イギリスだけじゃないけど、道路を走るときには道路交通法に書かれていない暗黙のルールがあるよね?

子ネズミがテーブルマナーを学ぶのは、大きなネズミからだということをご存知だろうか?えー、うそー!本当なんだよ。90年代に行われたクロネズミの研究で、松ぼっくりの最もきれいな食べ方は、遺伝的ではなく、社会的な模倣によってネズミの世代に受け継がれることが証明された。ネズミの赤ちゃんは、何も知らずに年上のネズミからマナーを教わるってことだよね。

コーンウォール地方の二車線道路で救急車に追い越されたとき、この重要な情報が私の脳裏によみがえった(一緒に思い浮かべてもらえると、励みになる)。そうそう、A30を東に走っていたら、ブルーの2台の救急車に追い越されたんだ。救急車の運転手は、それを見ていた。救急車は僕から離れるように道を登っていった。

そして、ハンバーガー・ヒルの麓に到着(本来の名前ではないが、コーンウォールでマクドナルドが珍しかった時代から、中腹にマクドナルドがあったので、ハンバーガー・ヒルになった)。長く、急な坂である。救急車は、時速70マイル(113km/h)、65マイル(105km/h)、60マイル(97km/h)と、労を惜しまずスピードを落とし始めまた。私は後ろから敬意を表して距離を保つ…。時速55マイル(89km/h)、50マイル(80km/h)、45マイル(72km/h)。たぶん、特別体の大きな患者が乗っているのだろう。その患者を取り囲んでいるのは、特別体格のいい家族や親しい人たちだ。
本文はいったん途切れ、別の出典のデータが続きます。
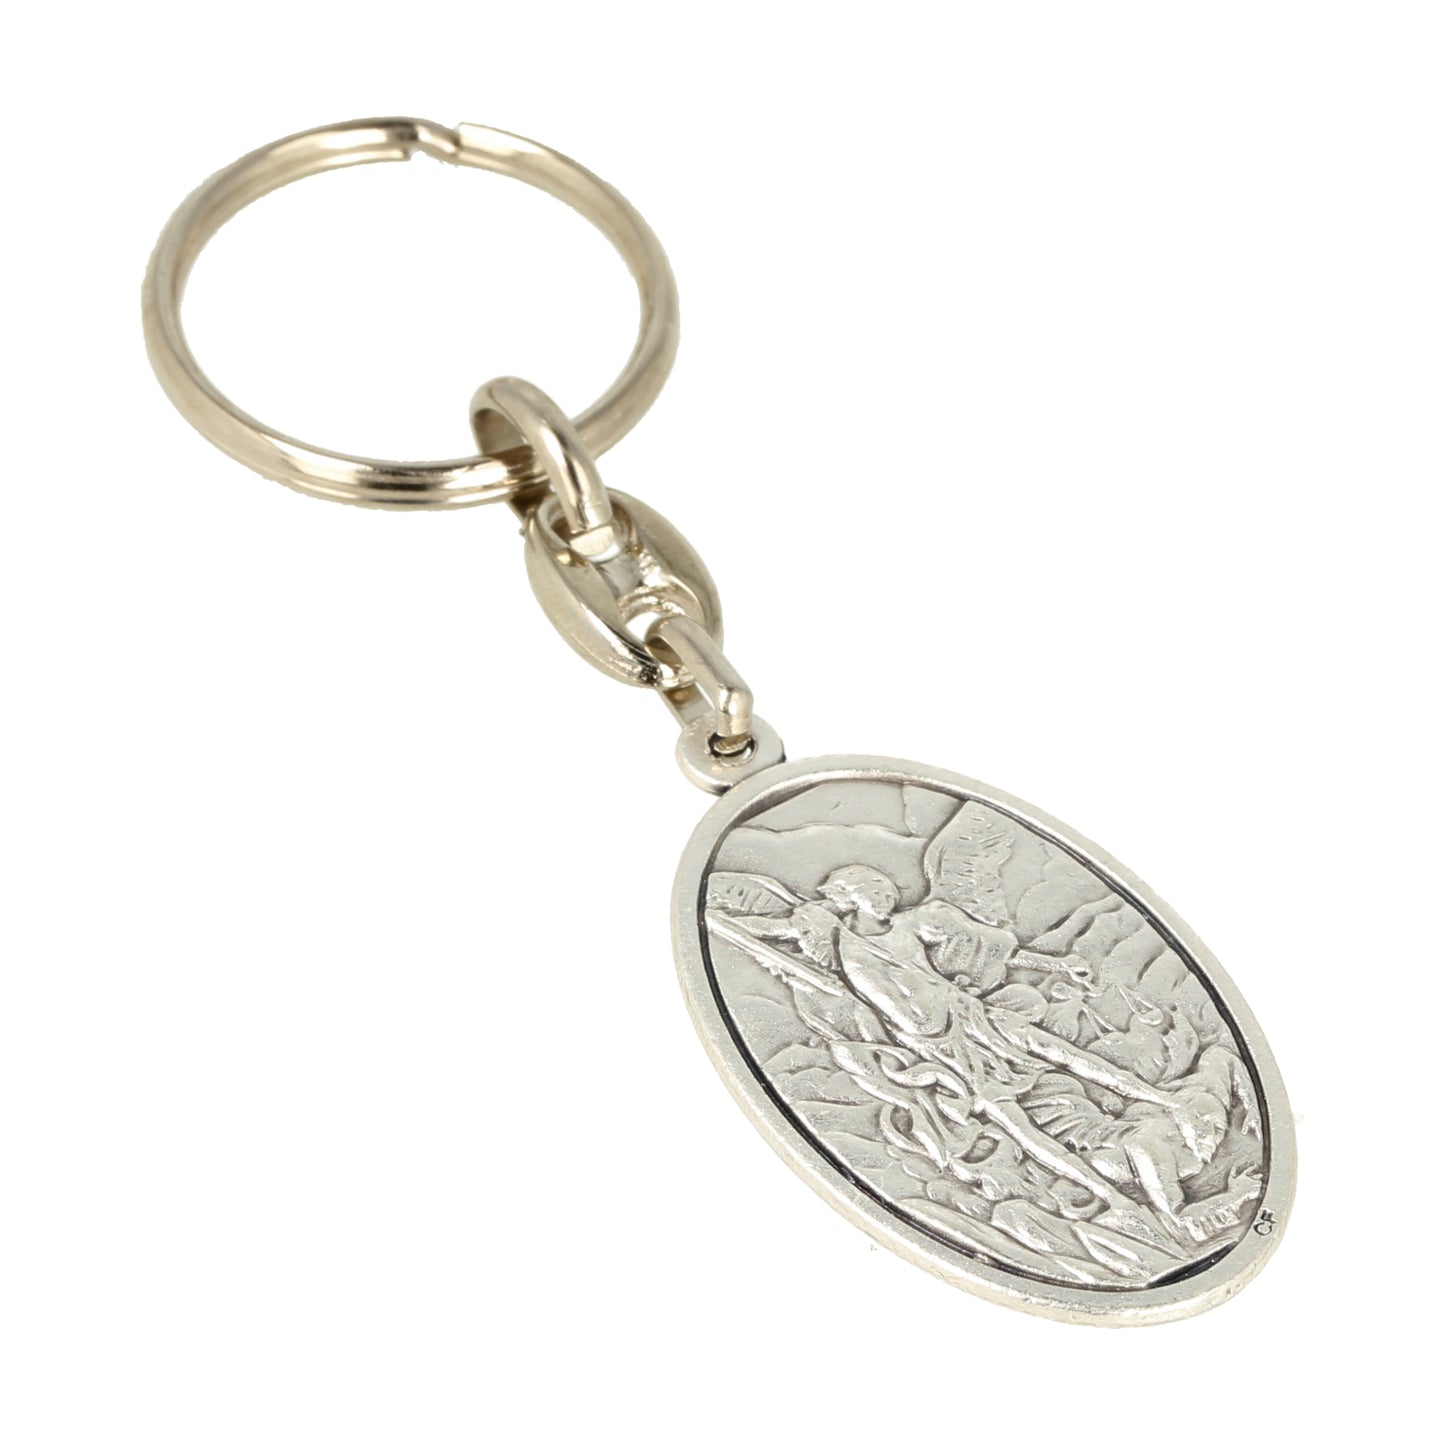 Keychain Guardian Angel Saint Michael Oval Grd. Souvenirs from Italy

時速40マイル(64km/h)、35マイル(56km/h)、30マイル(48km/h)。車道は3車線に広がっていた。追い越すスペースは十分にある。救急車が丘の上に着くまで 何時間もかかるだろう。だが同時に…ピーポーパーポーライトとサイレンのついたワゴン車は追い越せないよね?だって、もし、追い越した瞬間にタイヤがパンクして、中央分離帯に突っ込んだらどうするんだい?ニュースや新聞でどんな見出しになるか、想像してみてほしい。

礼儀正しいのは私だけじゃないよ。誰も追い越さないんだ。ハンバーガー・ヒルの途中から、救急車の後ろに時速15マイル(24km/h)で走る車が50台ほど列をなしている。すると後方にいたらしいアウディ A5が、この状況に明らかに気づかないまま、外側の車線を爆走してきた。彼は行列の先頭に立つと、状況を把握し、ブレーキを踏んで、「そゆことだったのね、すんません…」とばかりに恥ずかしそうに集団に合流した。
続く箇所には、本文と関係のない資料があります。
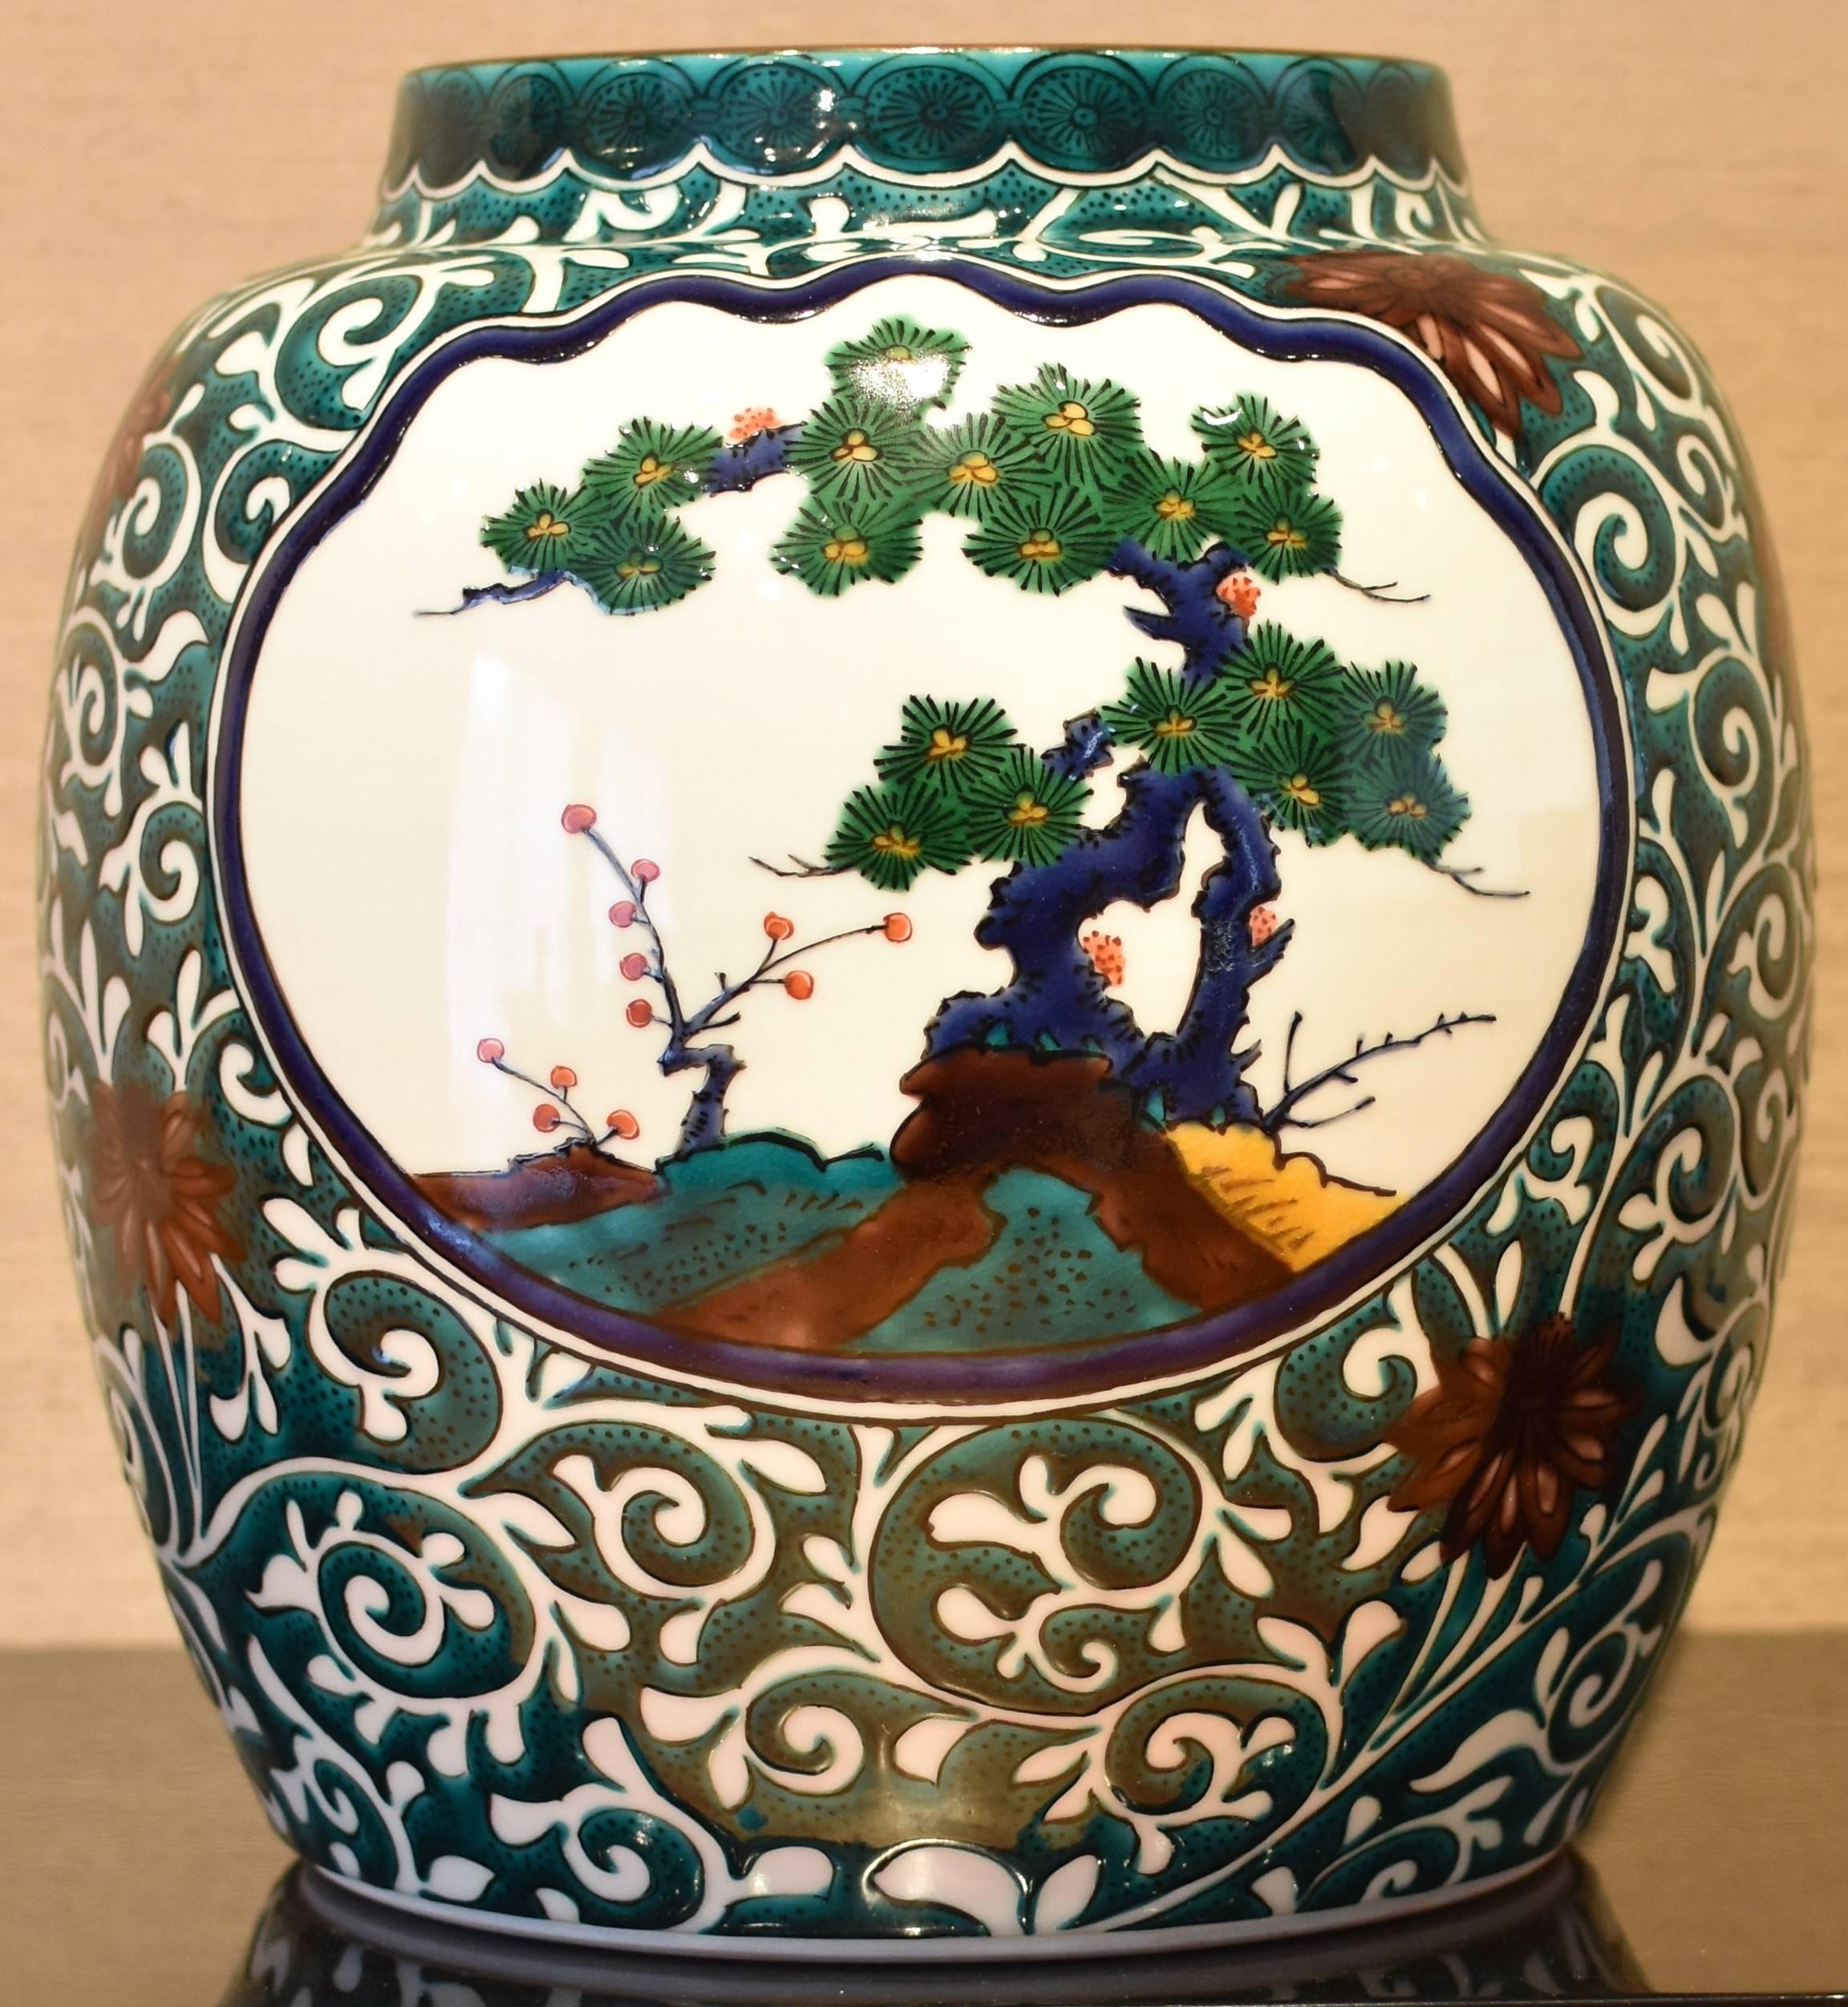 Exceptional Japanese contemporary Kutani decorative green porcelain vase, hand-painted on a strikingly shaped body, a signed masterpiece by  the third generation master of a Kutani kiln with a history of more than 140 years. This artist's life and

これは、A)歯医者の予約時間が迫っている私にとって最悪のニュースであり、B)コーニッシュ・ヒルの脇で行われた本物のミルグラム実験(閉鎖的な状況における権威者の指示に従う人間の心理状況の実験)という、奇妙な魅力に満ちたものだった。

その後、道路交通法を調べてみた。サイレンが鳴っている救急車を追い越すのは、安全に追い越すのであれば、まったく合法であることがわかった。でも、道路交通法に書かれていることが問題じゃないよね?クラクションを鳴らすのが礼儀正しい場合と失礼な場合、2車線が1車線になるときに合流しなければならない正確な位置、交差点で手を振って人より先に行くのが道徳的に義務付けられる場合とそうでない場合など、道交法に書かれていないけれど拘束力のある道路上の社会法なのだ。誰もが知っているようで、知らないルール。
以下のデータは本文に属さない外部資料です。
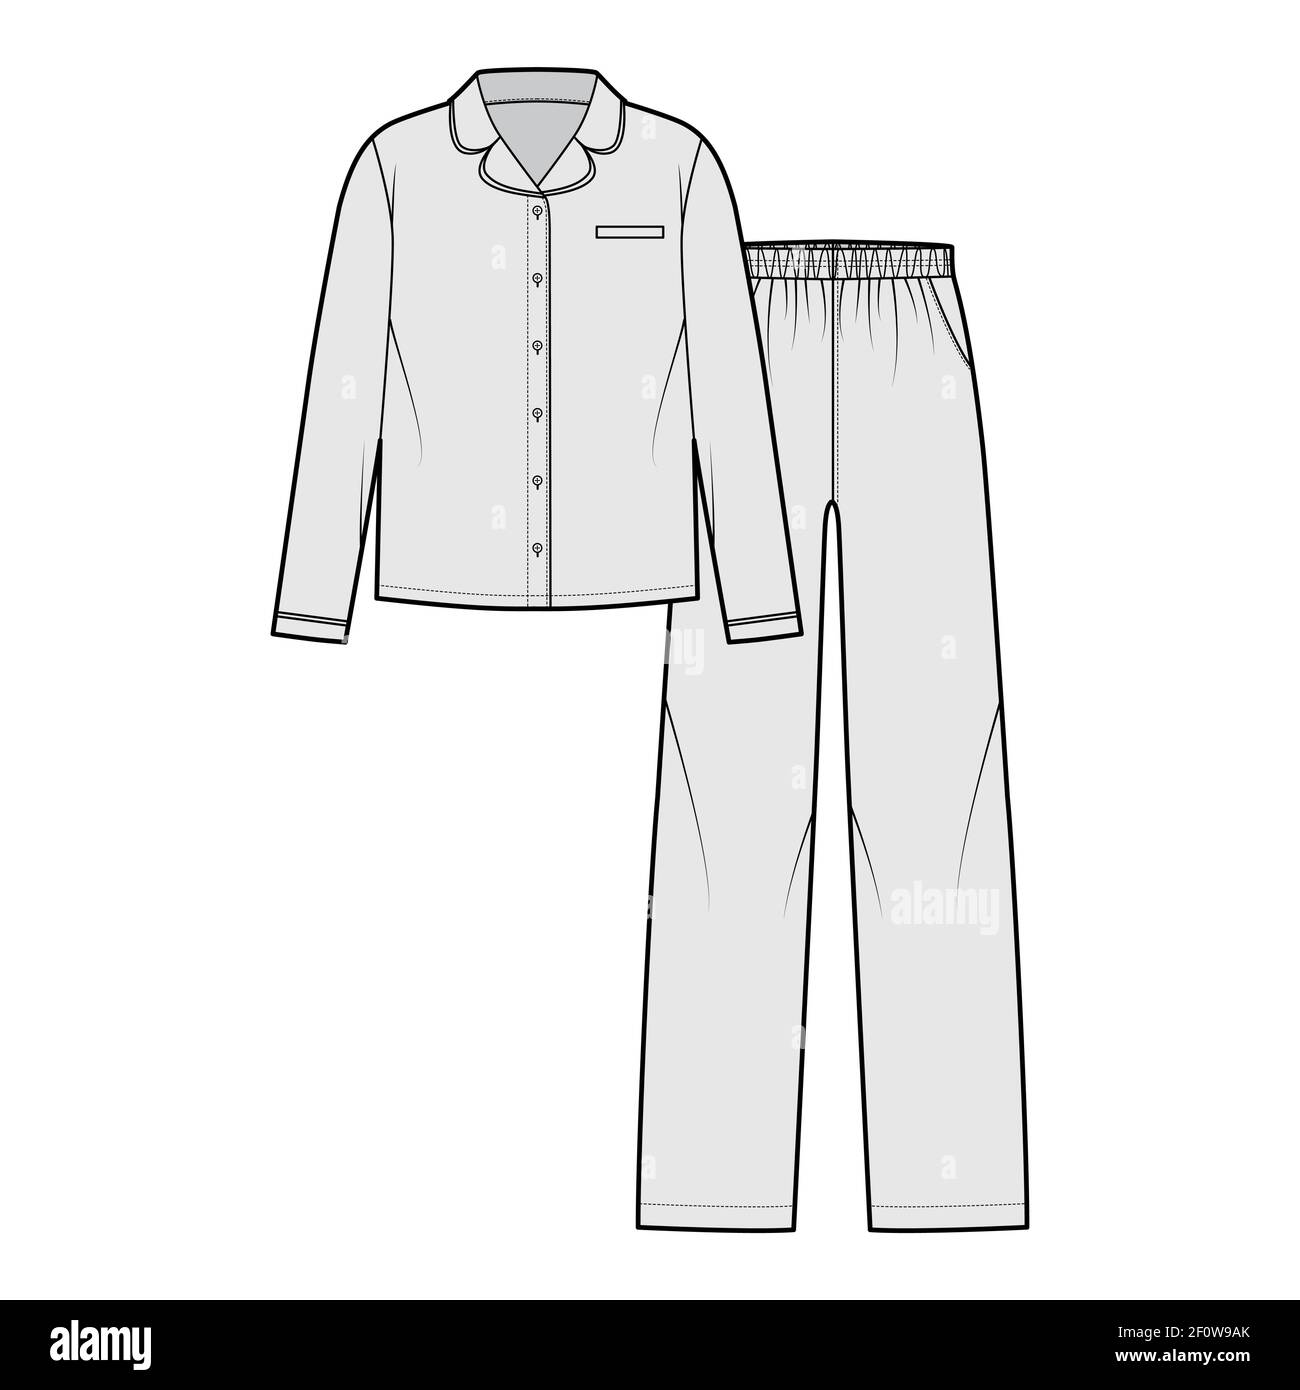 Set of Sleepwear Pajamas shirt, pants technical fashion illustration with  full length, low waist, pockets, button closure, long sleeves. Flat front,  grey color style. Women, men unisex CAD mockup Stock Vector Image

こんなこと、誰も教えてくれなかった(少なくとも私には教えてくれなかった。もしかしたら、救急車を追い越すときのマナーについてしか話さない人もいるかもしれないけど)。私たちは何も考えず、無意識のうちにそれを吸収してきたのだ。私たちは多感な子ネズミで、大きなネズミが松ぼっくりをかじるのを見て、具体的には学ぶことなく学び、気づかないうちに吸収しているのです。